WHAT TO WORK ON: Strip the pictures and reproduce the rest of the listing exactly.

GIVEN MATERIAL:
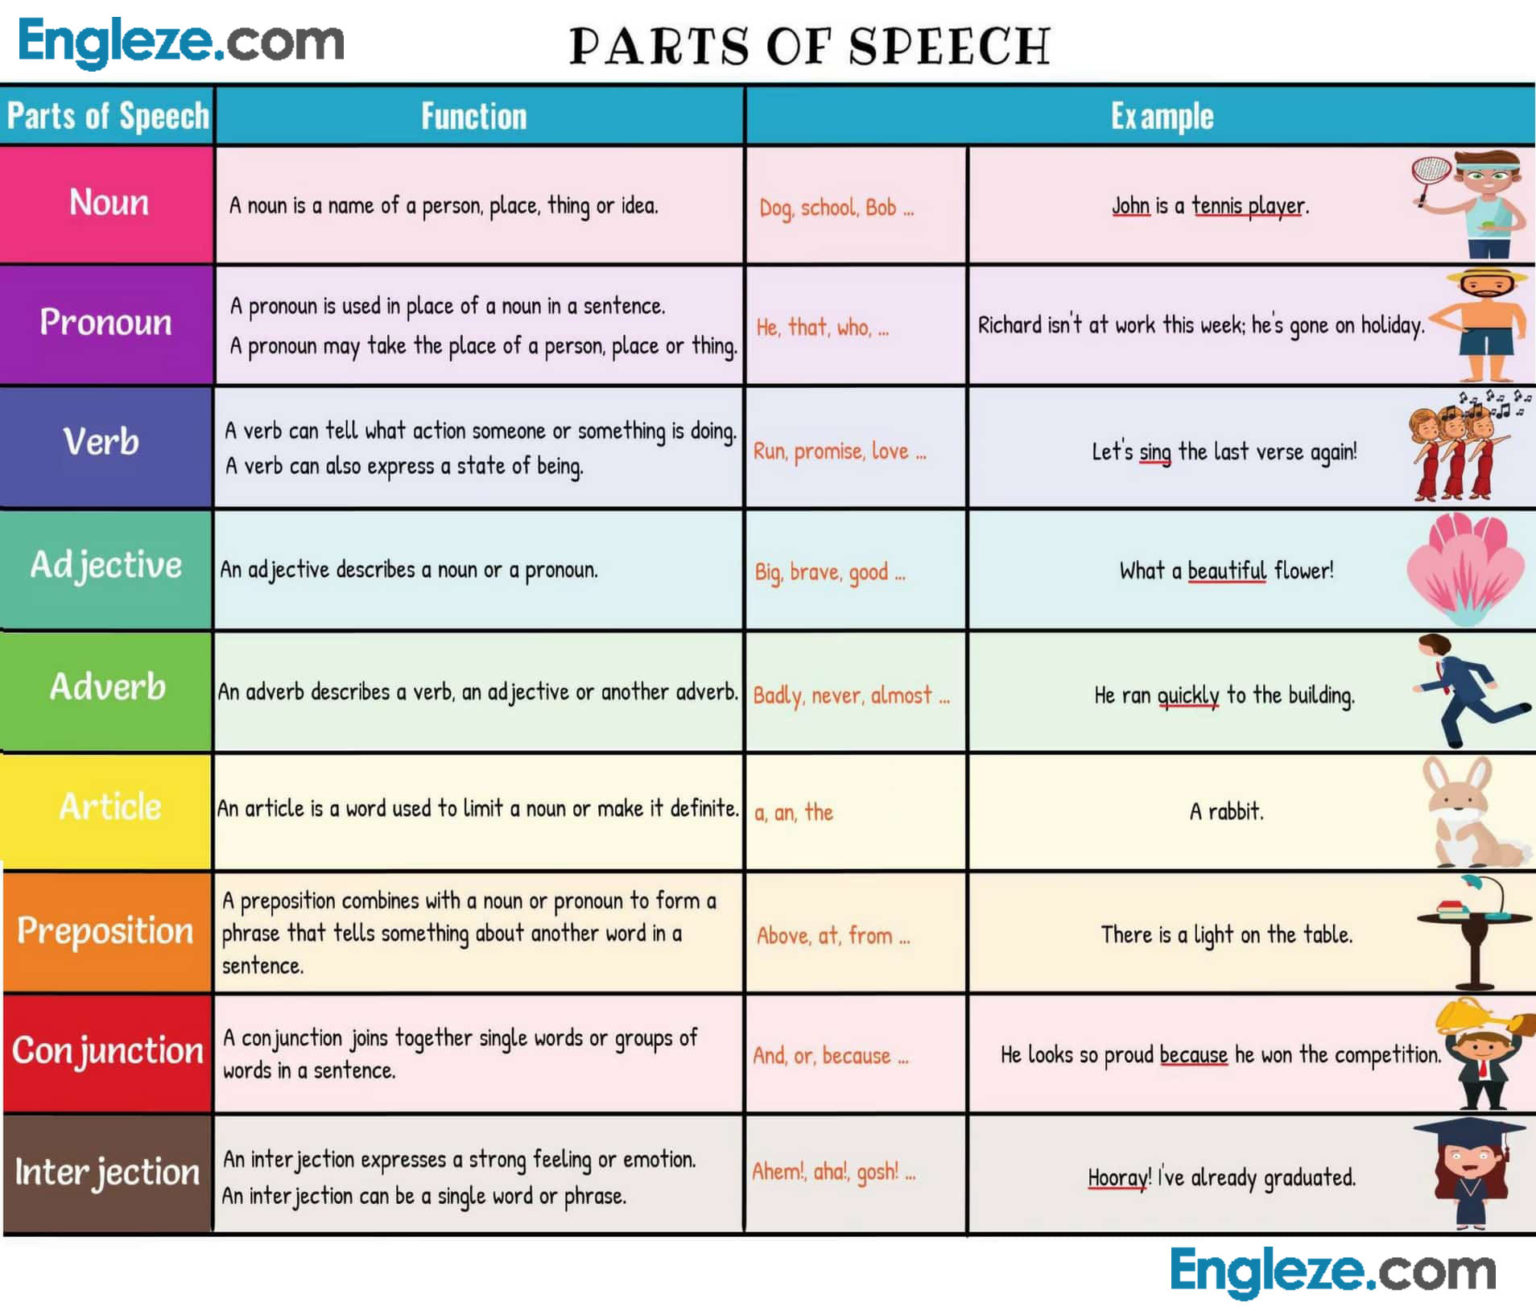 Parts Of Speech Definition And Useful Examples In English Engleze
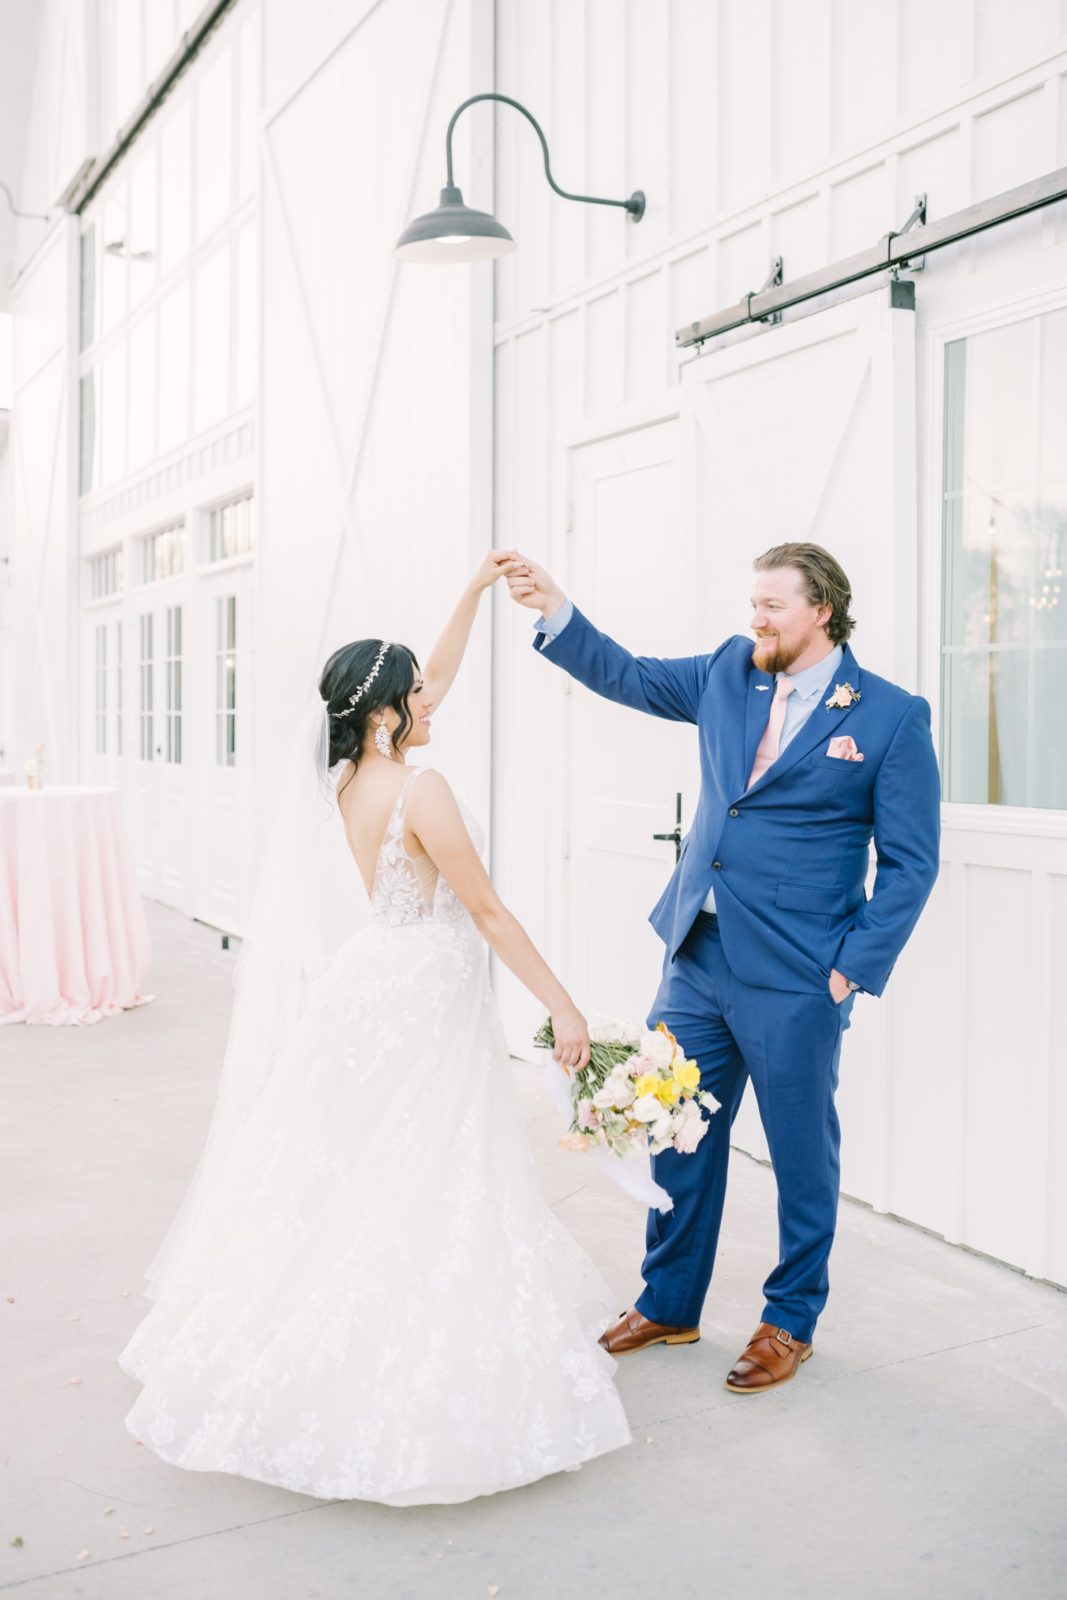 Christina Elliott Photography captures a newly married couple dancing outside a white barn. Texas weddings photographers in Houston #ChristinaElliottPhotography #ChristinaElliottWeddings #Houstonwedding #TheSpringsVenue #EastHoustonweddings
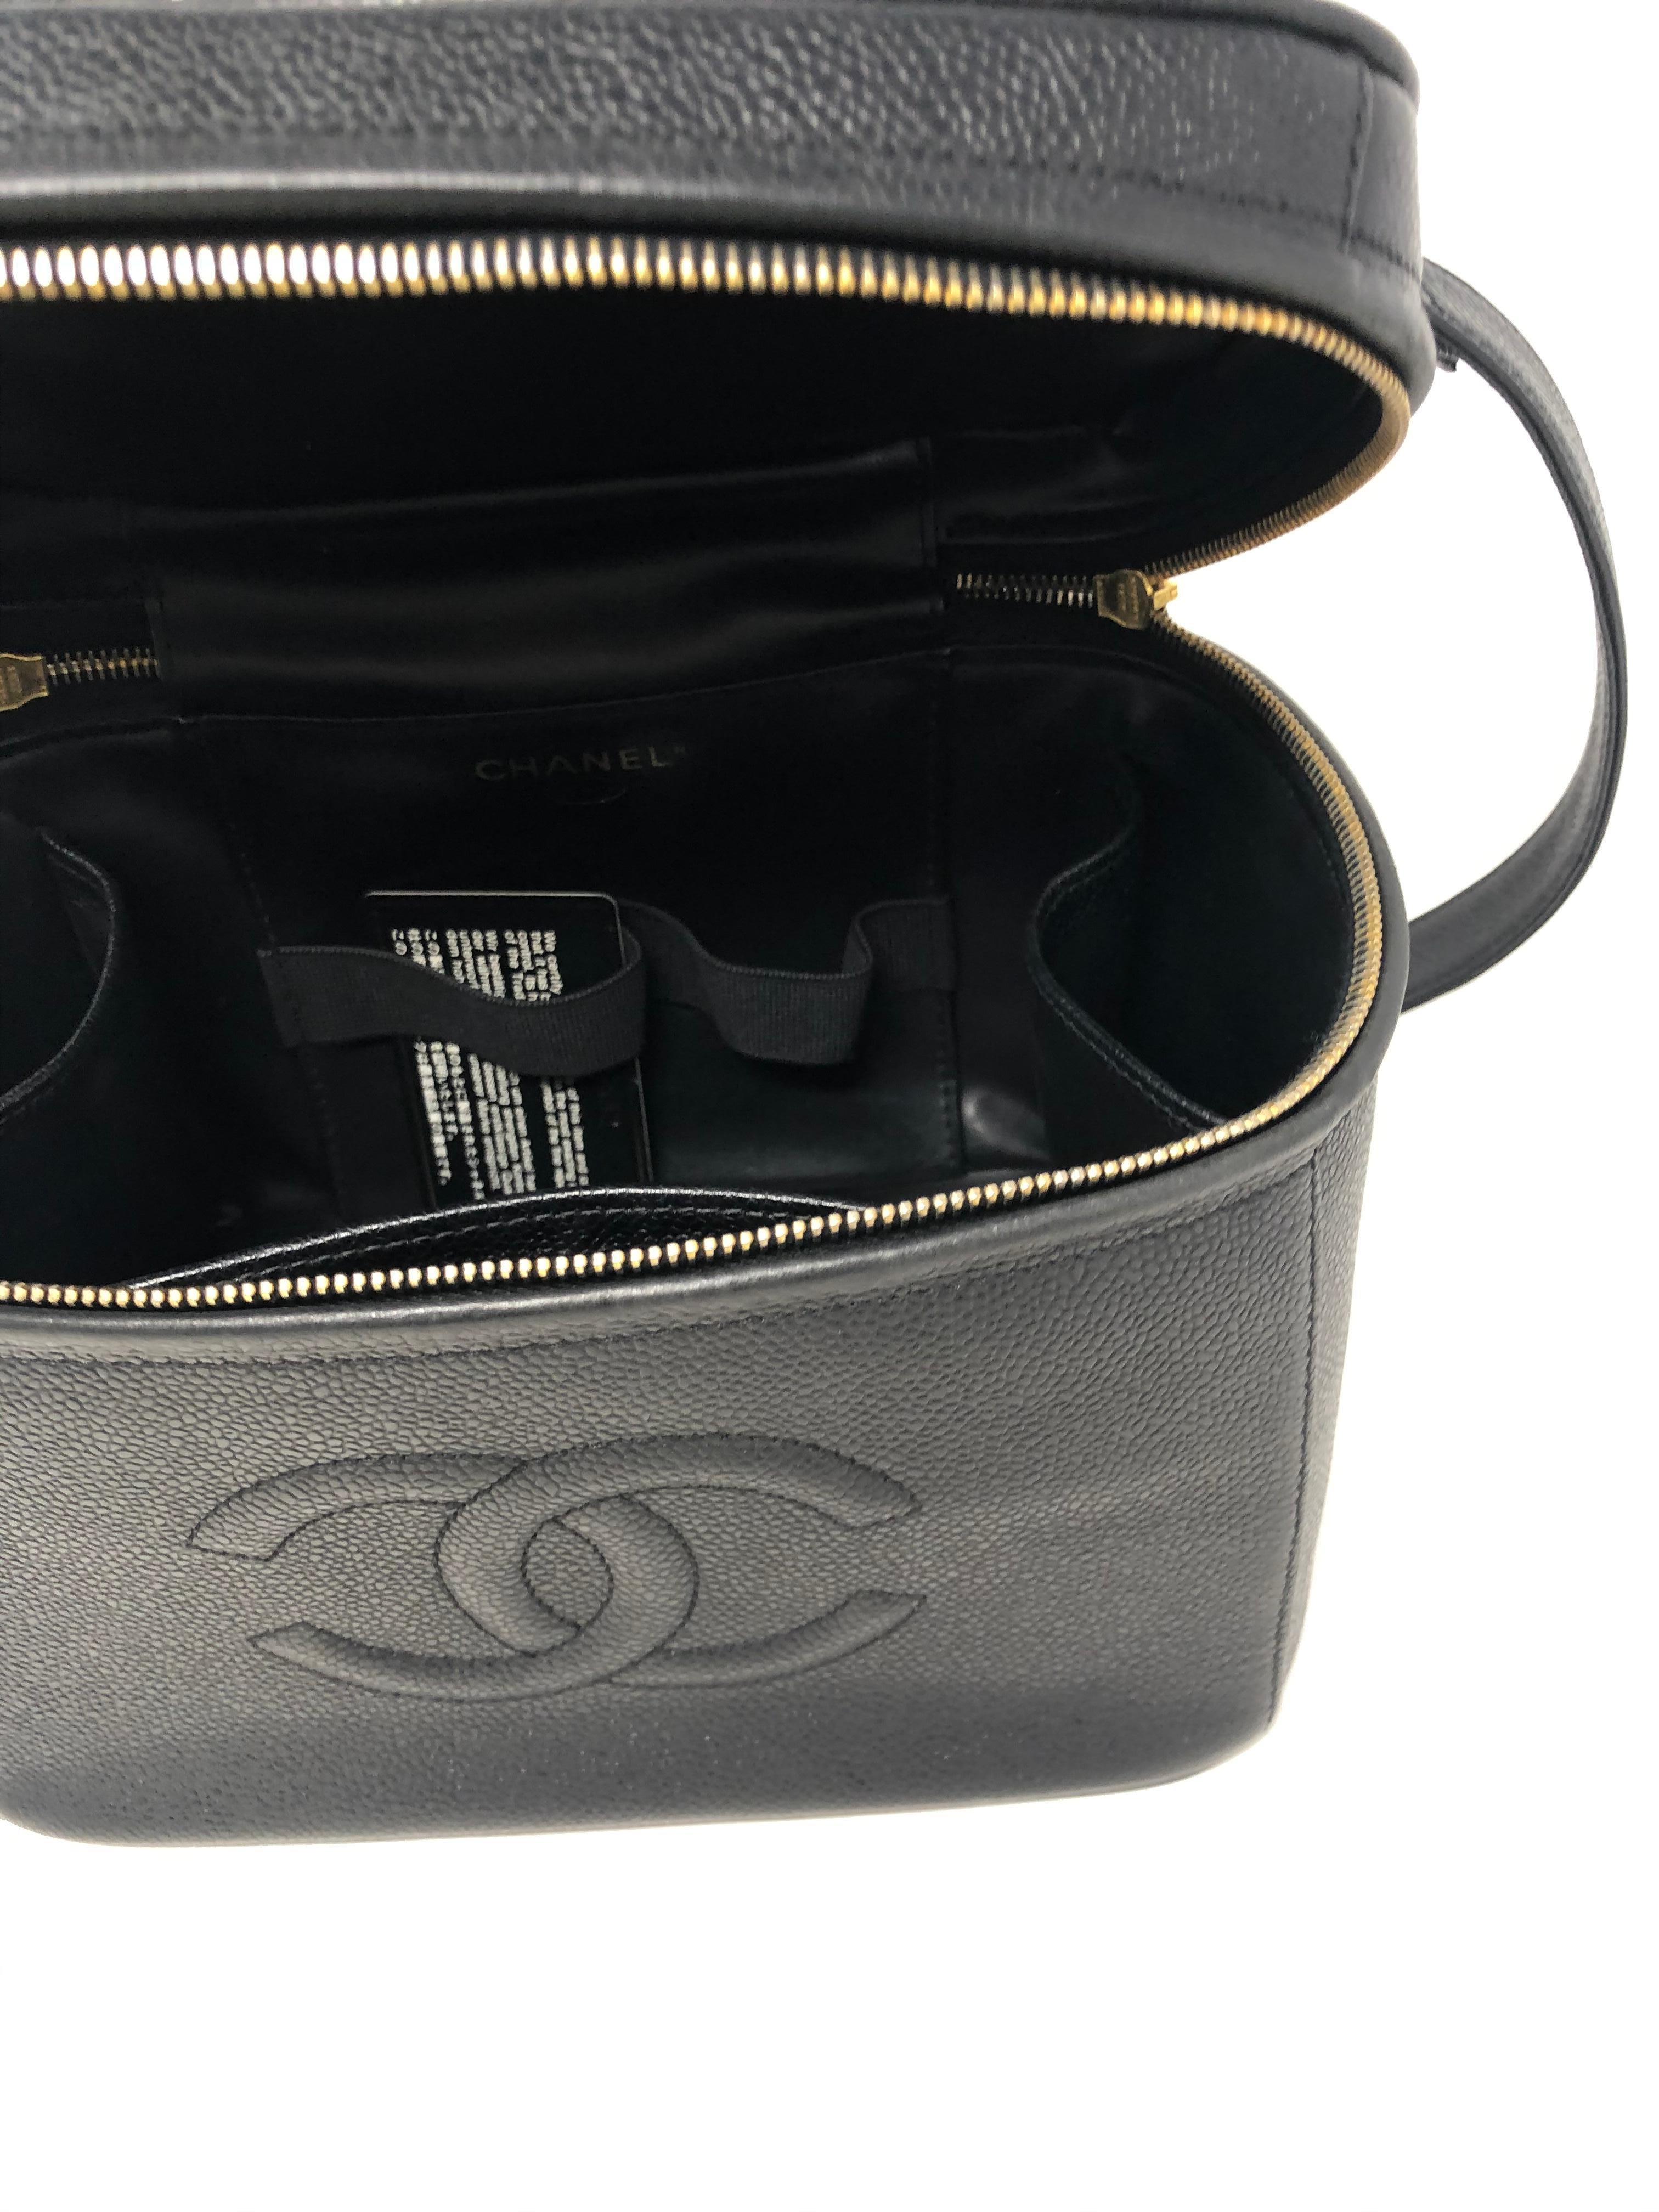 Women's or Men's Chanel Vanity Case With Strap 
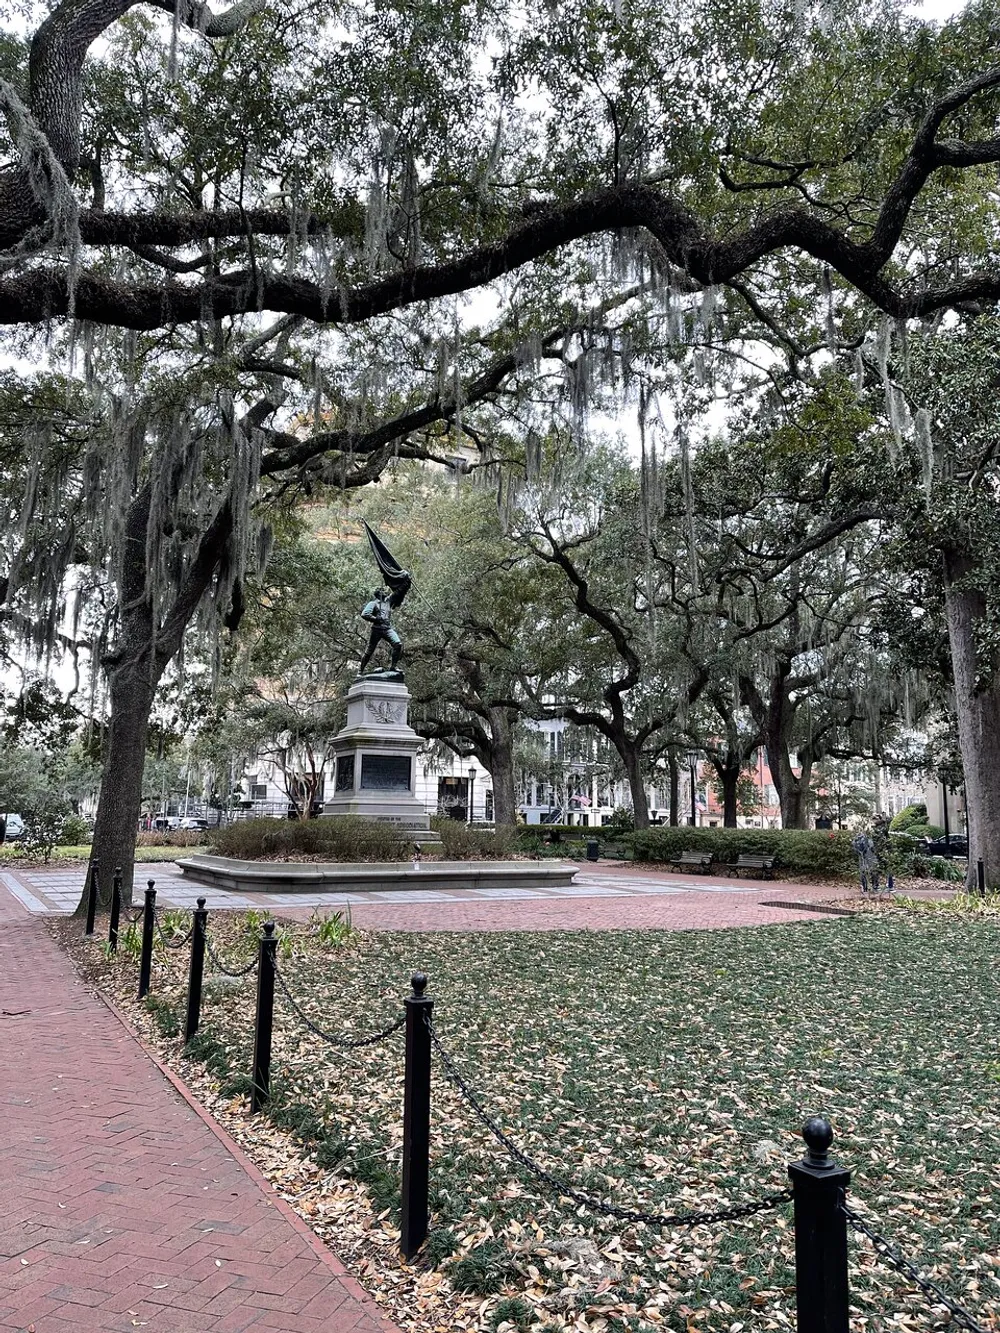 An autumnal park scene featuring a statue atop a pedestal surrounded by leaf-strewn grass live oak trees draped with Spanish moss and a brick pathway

EXERCISE ANSWER:
 Parts Of Speech Definition And Useful Examples In English Engleze
 Christina Elliott Photography captures a newly married couple dancing outside a white barn. Texas weddings photographers in Houston #ChristinaElliottPhotography #ChristinaElliottWeddings #Houstonwedding #TheSpringsVenue #EastHoustonweddings
 Women's or Men's Chanel Vanity Case With Strap 
 An autumnal park scene featuring a statue atop a pedestal surrounded by leaf-strewn grass live oak trees draped with Spanish moss and a brick pathway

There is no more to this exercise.